Kaul shared that her journey from India to a different culture of the US turned out to be an inspiration for her to explore the film-making business.

“Every family has its own treasure chest of stories. I grew up with stories about India’s fight for independence from the British and the partition that followed. And then, there were stories of life at the sometimes-challenging, sometimes-comic, always-memorable intersection of the India my family came from and the America we came to. For all of us, the stories we’ve heard shape our beliefs, our practices and our perspective of the world,” span.state.gov quoted Kaul as saying.

Kaveri Kaul interview Image: Youtube
Kaveri Kaul interview.

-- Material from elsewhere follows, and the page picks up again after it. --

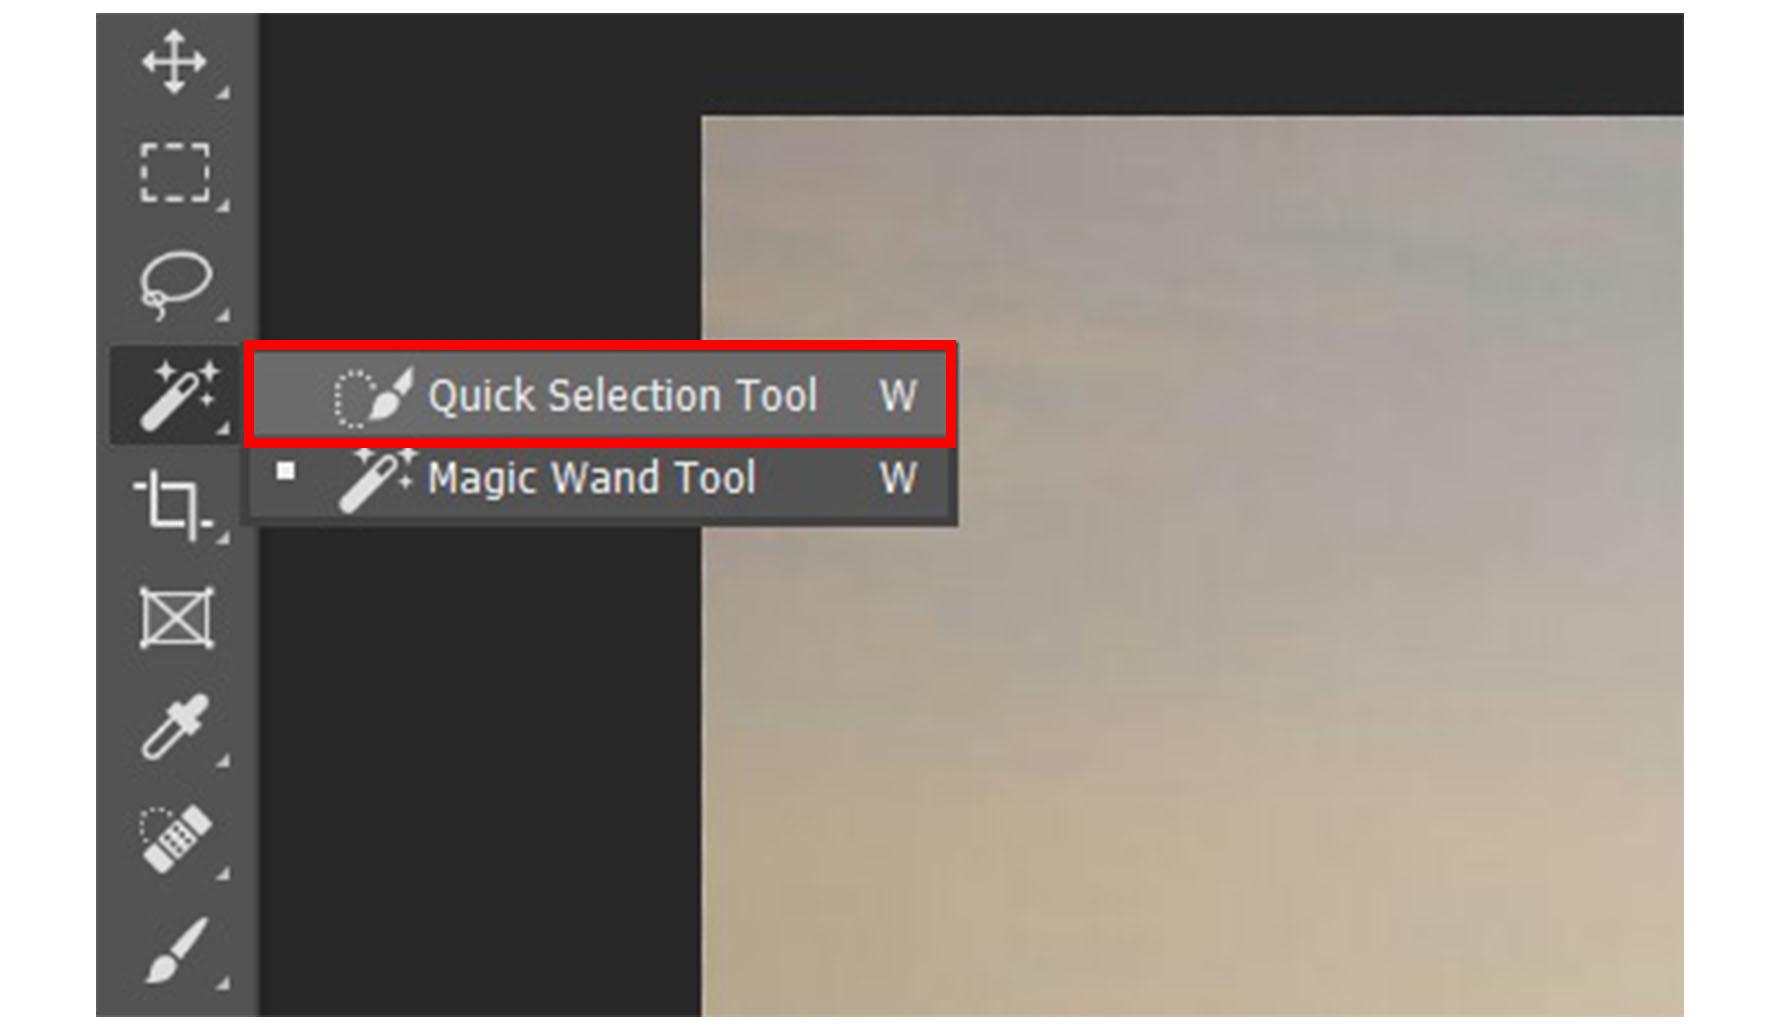 Cara Memotong Gambar di Photoshop Menggunakan Quick Selection Tool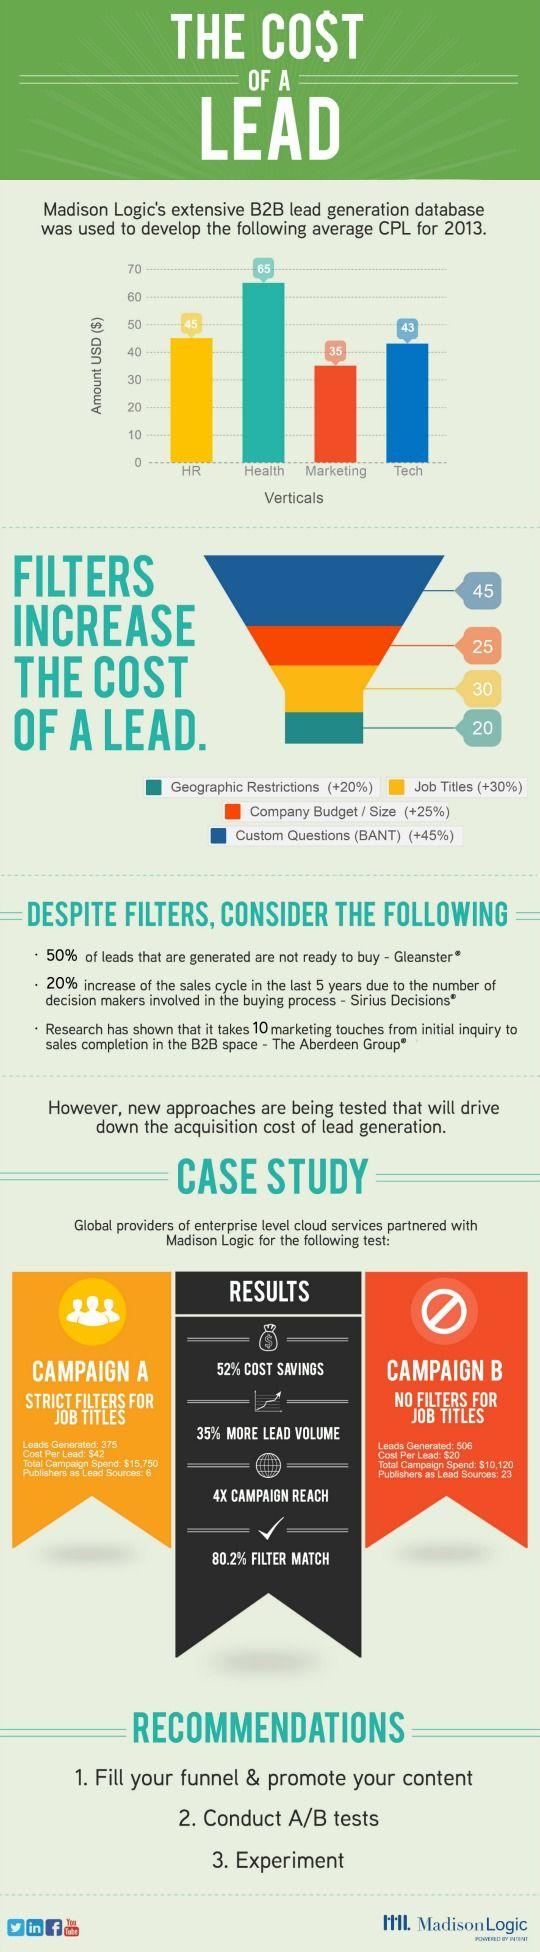 B2B Lead Generation Cost   content marketing : funnels   infographic : 1   ram2013

Image: Youtube

A graduate of Harvard University, Kaul has been awarded a Fulbright Fellowship, a New York Foundation for the Arts Artist’s Fellowship, multiple New York State Council on the Arts grants and two National Endowment for the Arts awards.

Also Read: Khundongbam: A young filmmaker who wants the world to know about Manipur

The Fulbright Fellowship gave her the opportunity to research and film her latest documentary “Streetcar to Kolkata”. Kaul teaches at Columbia University in New York, where her courses include works by people of different races, cultures, religions and genders.

Kaul, who picks up subjects like brain injuries, Calypso music, religion and Cuban art, added: “In my case, as a student at Harvard, I heard that a new and unusual course on the films of the Indian director Satyajit Ray was being offered by an Englishman on the faculty. How could I not be inspired by Ray’s nuanced stories of the human experience in the face of overwhelming social and economic forces?

“In those days, I also frequented New York City’s art-house theaters. There, I saw Sarah Maldoror’s ‘Sambizanga’, a film about the Angolan War of Independence against the Portuguese. It was such a strong, moving story of a struggle against colonial powers. These stories held resonance for me. These directors made me want to be a filmmaker too.”

Talking about cross-cultural themes, she said: “My documentaries tell stories that cross boundaries to explore the shifting sands of culture, race, class and belonging. Like the girls in ‘Long Way From Home’, I attended American independent schools and, later, an Ivy League college.”

As an advice to young Indians boarding flight to the US to pursue a career in the arts, Kaul says “Keep an open mind. Remember that America means Mark Twain and Toni Morrison, Junot Díaz and Jhumpa Lahiri. Take it all in. At the same time, hold on to who you are and the creativity that only you can offer as someone whose artistic vision stems from India, even as those roots mingle with your discovery of America.”(IANS)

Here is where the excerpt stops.